In 2009, three special agents died in a helicopter crash in Afghanistan. In 2015, gunmen assassinated a Pakistani employee of the DEA at the American embassy in Islamabad, a critical piece of Containment. This year, the American embassy in Kabul sacked six employees for possessing drugs.
Even the Aviation Division, on which the DEA depended to surveil Taliban traffickers, had issues. DEA pilots alleged that their superiors coerced them into deploying to Afghanistan, and the Justice Department's inspector general investigated the Aviation Division for misusing funds after a whistleblower tip-off that the DEA and the Defense Department had wasted $86 million on a useless aircraft.
Meanwhile, the DEA has its hands tied to an extent.

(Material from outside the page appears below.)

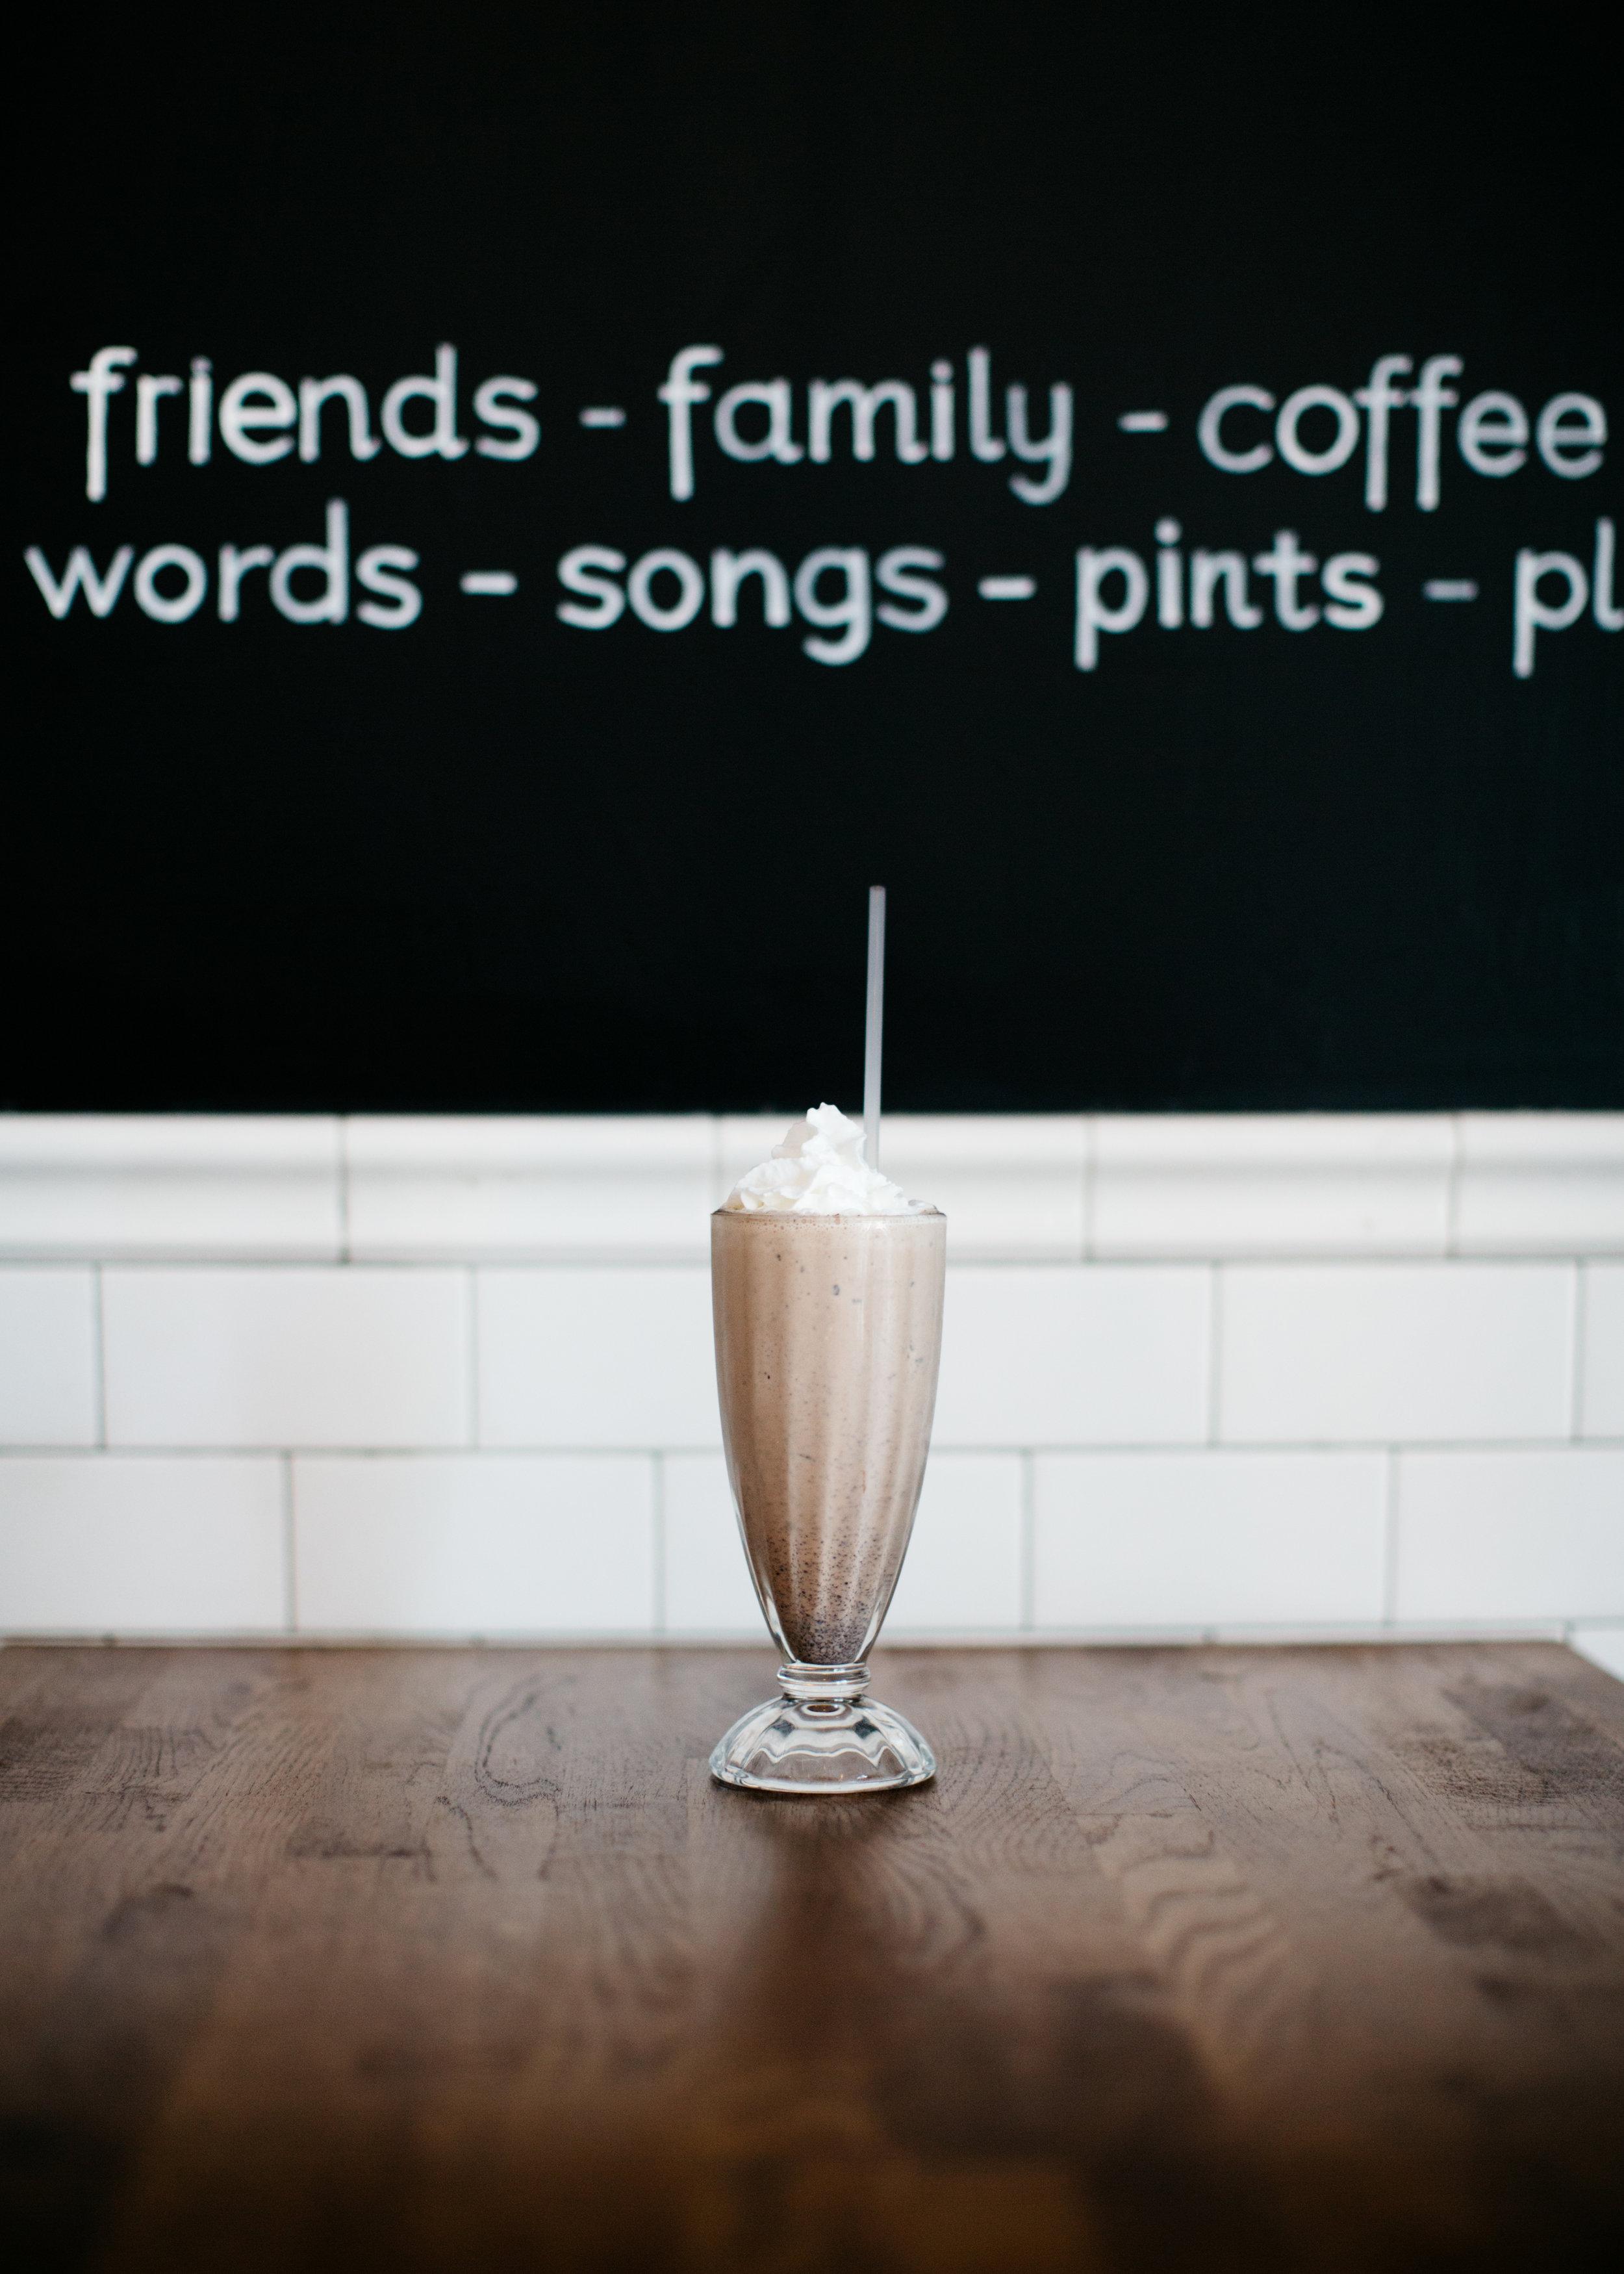 coffee-colorado-springs-34.jpg

The agency has found on a wider level that, while its seizures may be increasing, so is the illegal drug trade in Afghanistan. It falls to not the DEA but the Bureau of International Narcotics and Law Enforcement Affairs (INL), a subagency of the State Department, to stop the growth of opium in Afghanistan. Nonetheless, the INL's failure to slow production has undermined the DEA's mission.
The Taliban's Strange Success
The Taliban denies a role in the illegal drug trade. "The issue of opium cultivation is a huge problem," Zabihullah Mujahid, a Taliban spokesman, told me. "Opium cultivation was completely banned during our regime. Its cultivation is negotiable in sharia, but the Islamic Emirate banned it. When the US invaded Afghanistan, they encouraged people to grow it."

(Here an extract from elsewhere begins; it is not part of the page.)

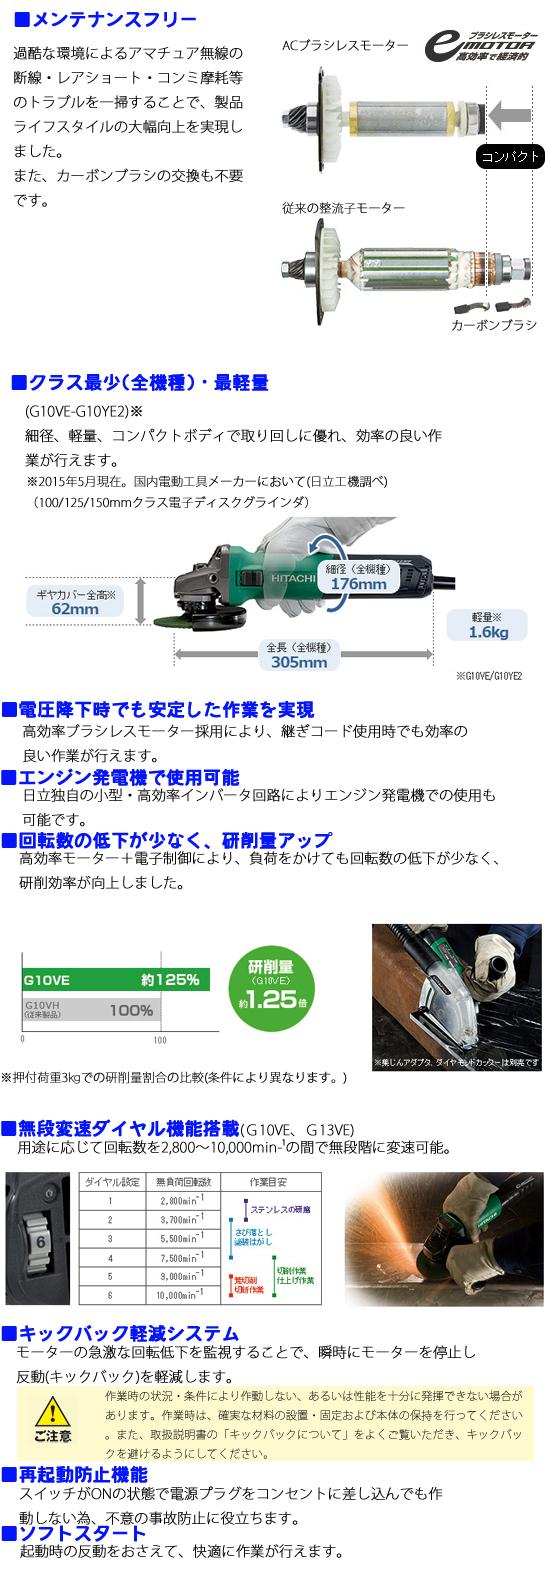 日立 電子ディスクグラインダ G10VE

Though the Taliban now controls the illegal drug trade in Afghanistan, its short-lived government once succeeded in halting the production of opium there. In 2000, the insurgents banned the growth of the crop, and, in May 2001, a DEA special agent who visited Afghanistan confirmed that the Taliban had enacted one of the most effective counternarcotics programs in modern history, far outstripping the INL. When the American invasion swept the Taliban from power several months later, the insurgents resorted to opium like the Mujahideen before them.

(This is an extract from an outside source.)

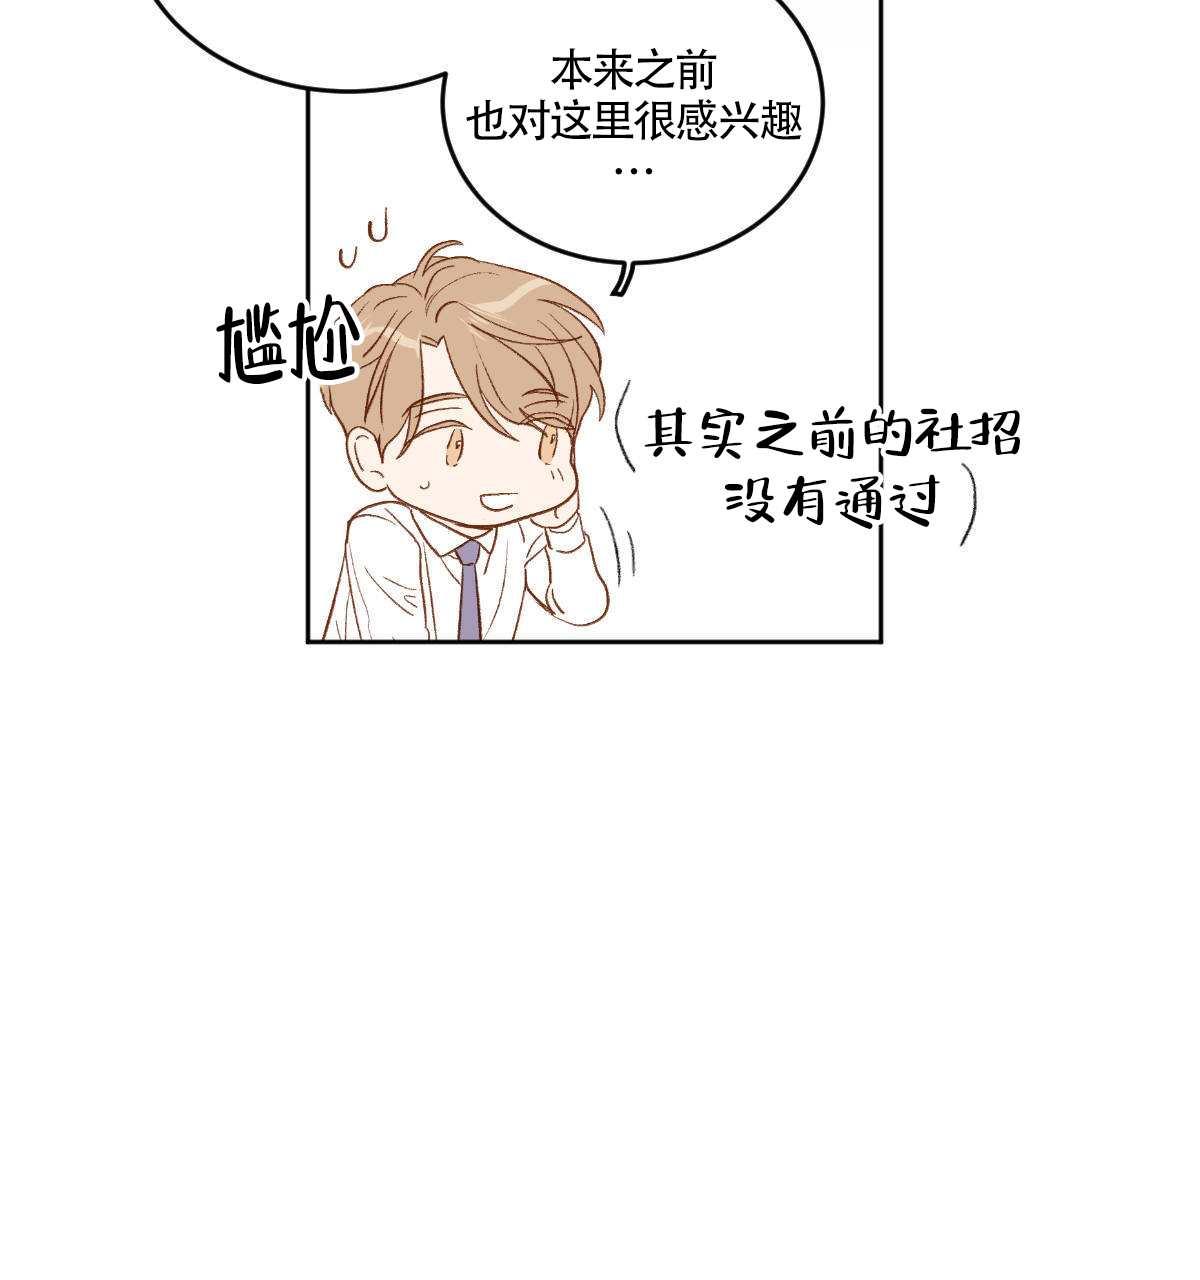 韩漫《新入职员》撩走办公室最可怕的大魔王!  第40张

Experts debate whether the Taliban prohibited growing opium because it conflicted with sharia or to inflate the price of opium already on the market, but, confronted with the might of a superpower's military, the illegal drug trade became one of the more lucrative methods of sustaining the insurgency.
The Taliban had enacted one of the most effective counternarcotics programs in modern history
However dubious the results of the US's own counternarcotics program, the special agents who worked in Afghanistan seem sure of the DEA's individual success. "I think the DEA mission has been pretty well accomplished, keeping in mind its primary mission was to establish a drug law enforcement agency in Afghanistan that was functional and honest," observed Fred Ball, a former special agent who, as an employee of the private military company Blackwater, trained members of the Afghan Counternarcotics Police.
At the height of the war, over one hundred DEA employees worked in the country. In 2011, former special agent Gary J. Hale expressed skepticism that the law enforcement agency could continue its mission with then only 75 employees spread between the embassy and forward operating bases. Now that the US has withdrawn most of its soldiers from Afghanistan, the DEA's operational presence has shrunk even more.
Higgins, the former assistant attaché, sounded optimistic about the law enforcement agency's future in a country where opium production continues to rise. "The Kabul Country Office can revert back to the way the DEA did business before the increase in manpower," he reflected in an email, noting that intelligence officers and special agents in Kabul could still work through the Afghan Counternarcotics Police and the Afghan Special Narcotics Force, which can access provinces outside the DEA's reach.
The DEA better hope that its foreign counterpart can finish the mission that the DEA started and the INL failed. Otherwise, the Taliban will have won the War on Drugs in Afghanistan.